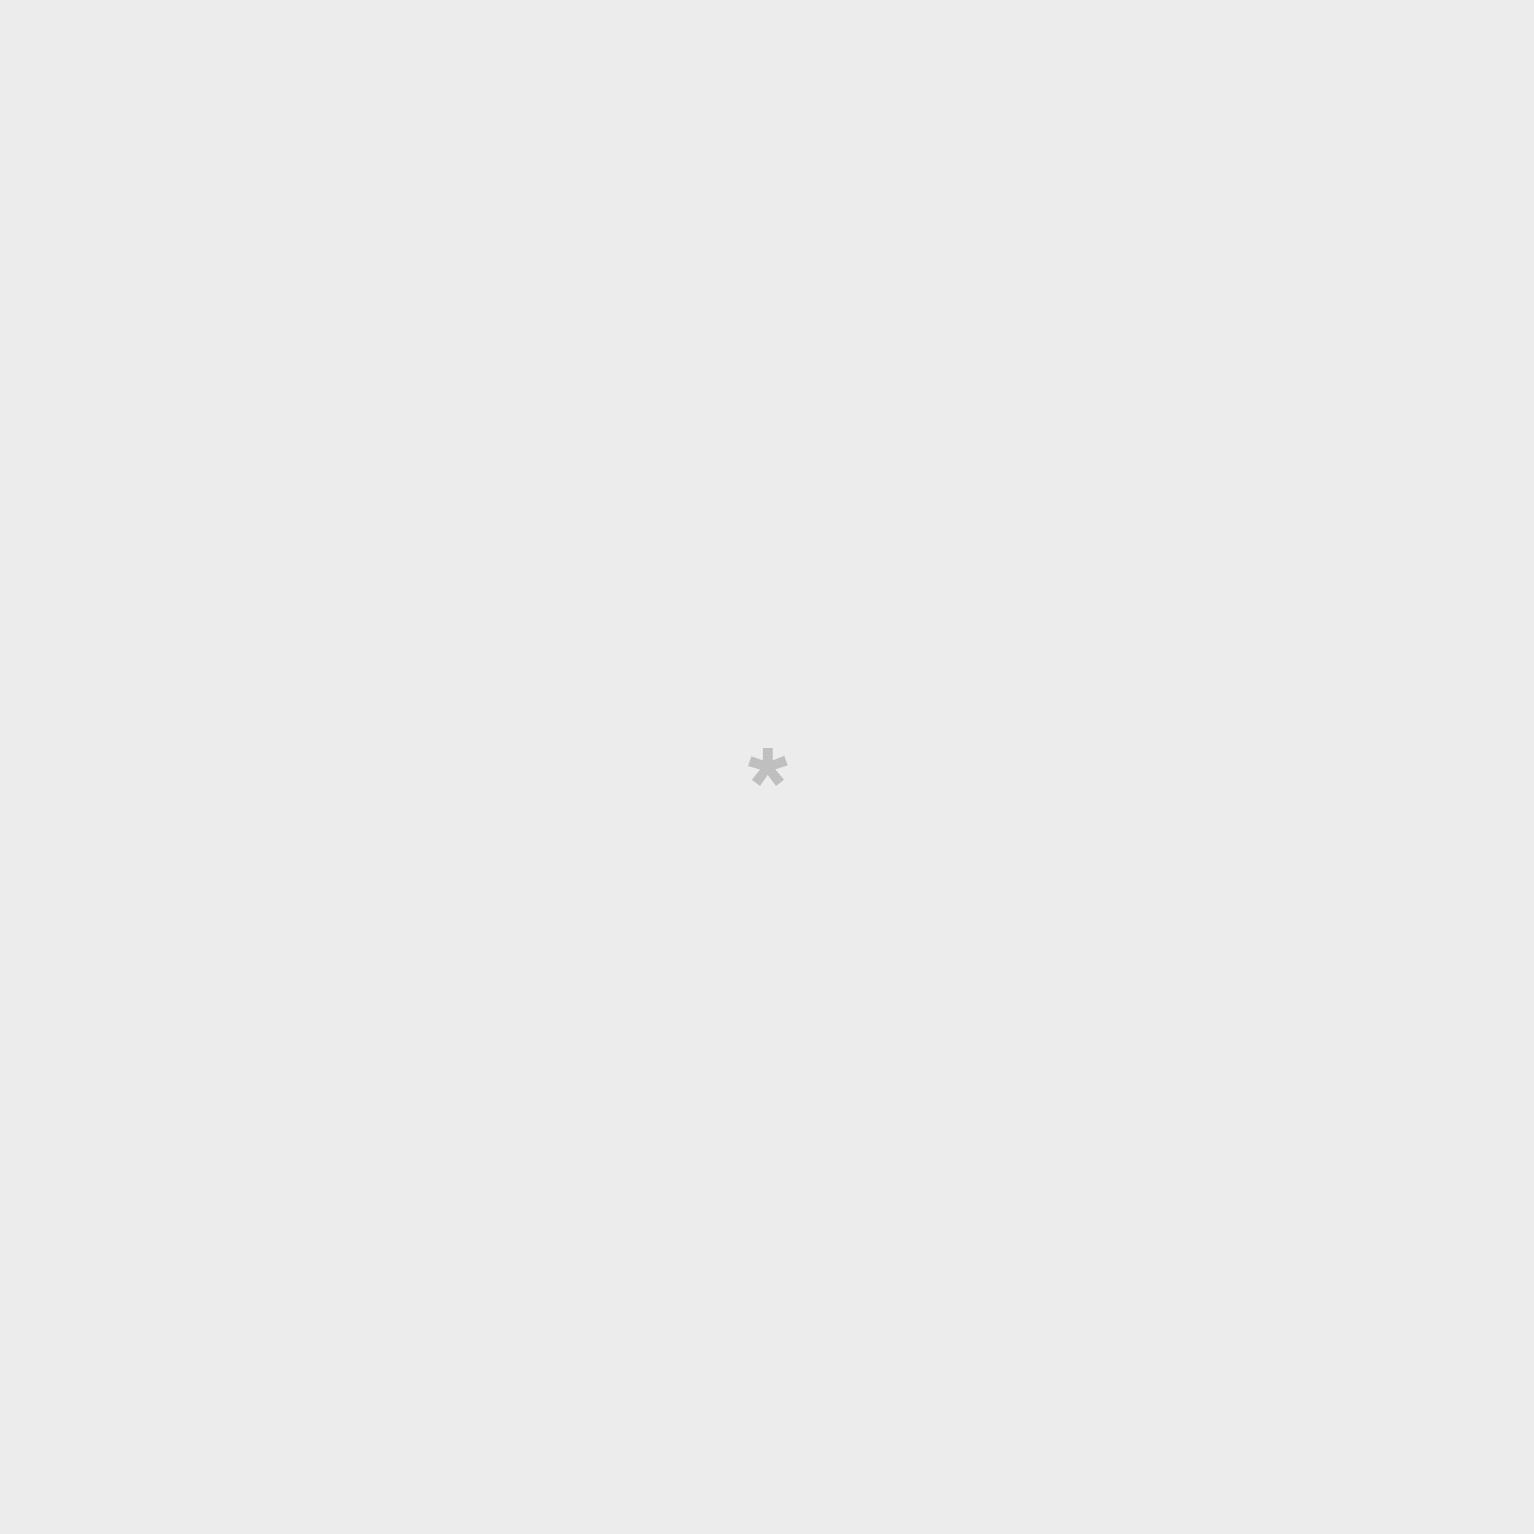 Set de 2 copas de vino para brindar por nuestra amistad
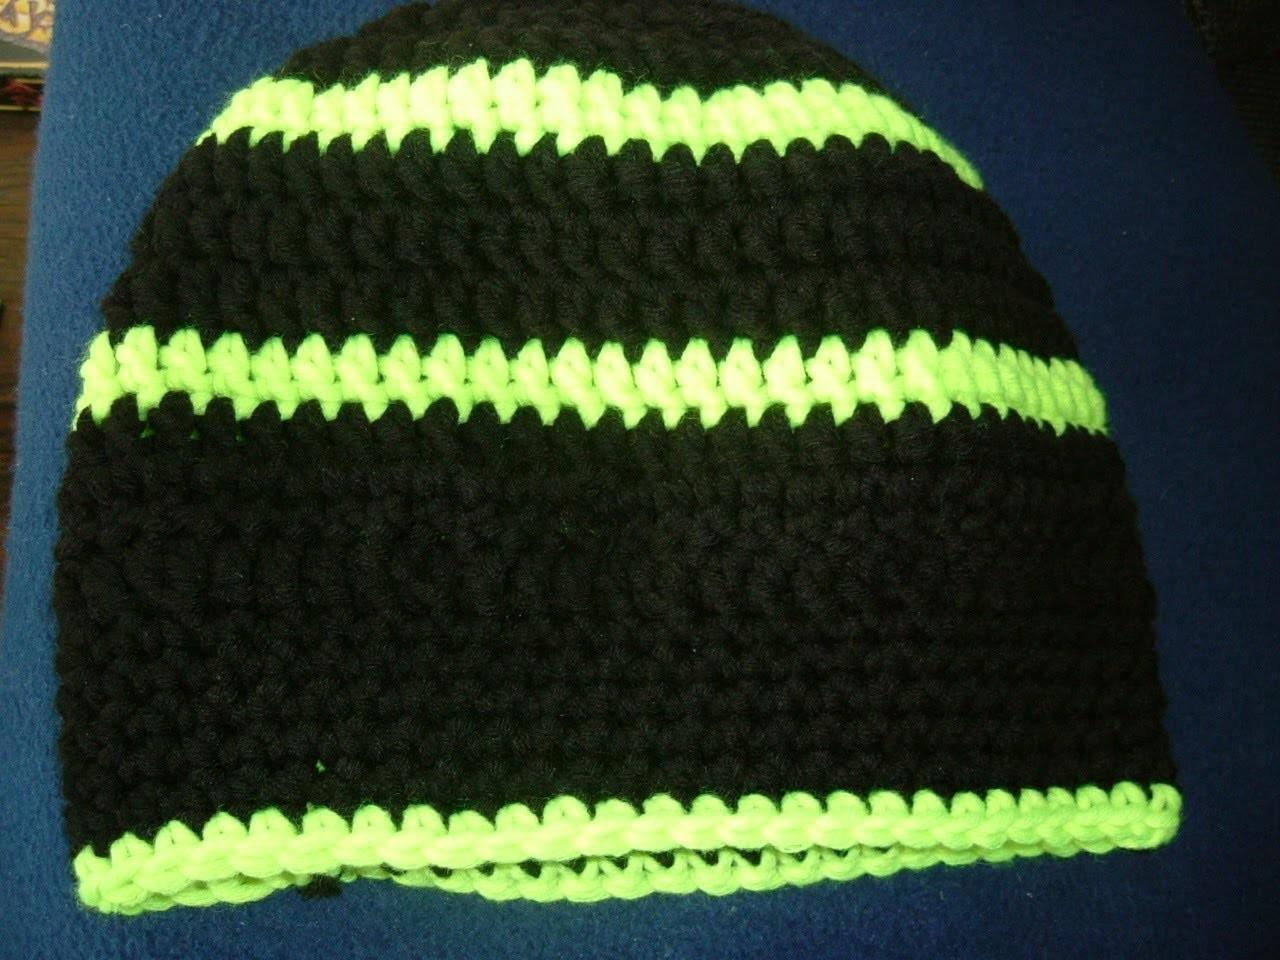 Mütze Häkeln leicht gemacht für Anfänger im coolen Style
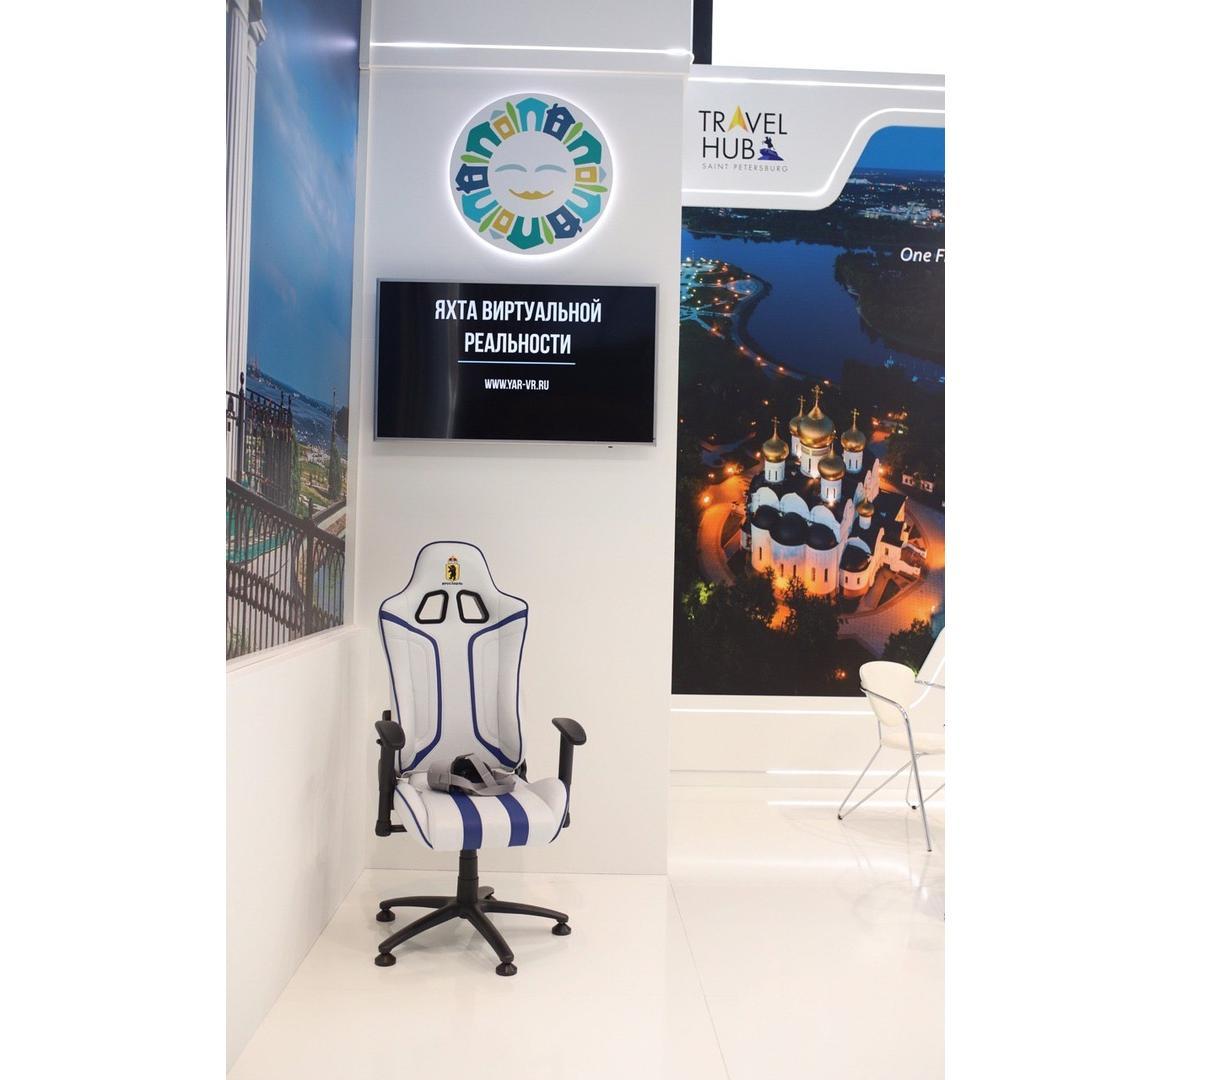 «Летучий корабль»: ярославскую виртуальную яхту представили на ассамблее Всемирной туристской организации

## EXERCISE GOAL:
The listing should be transcribed in full, exactly, and without its pictures.

## EXPECTED OUTPUT:
 Set de 2 copas de vino para brindar por nuestra amistad
 Mütze Häkeln leicht gemacht für Anfänger im coolen Style
 «Летучий корабль»: ярославскую виртуальную яхту представили на ассамблее Всемирной туристской организации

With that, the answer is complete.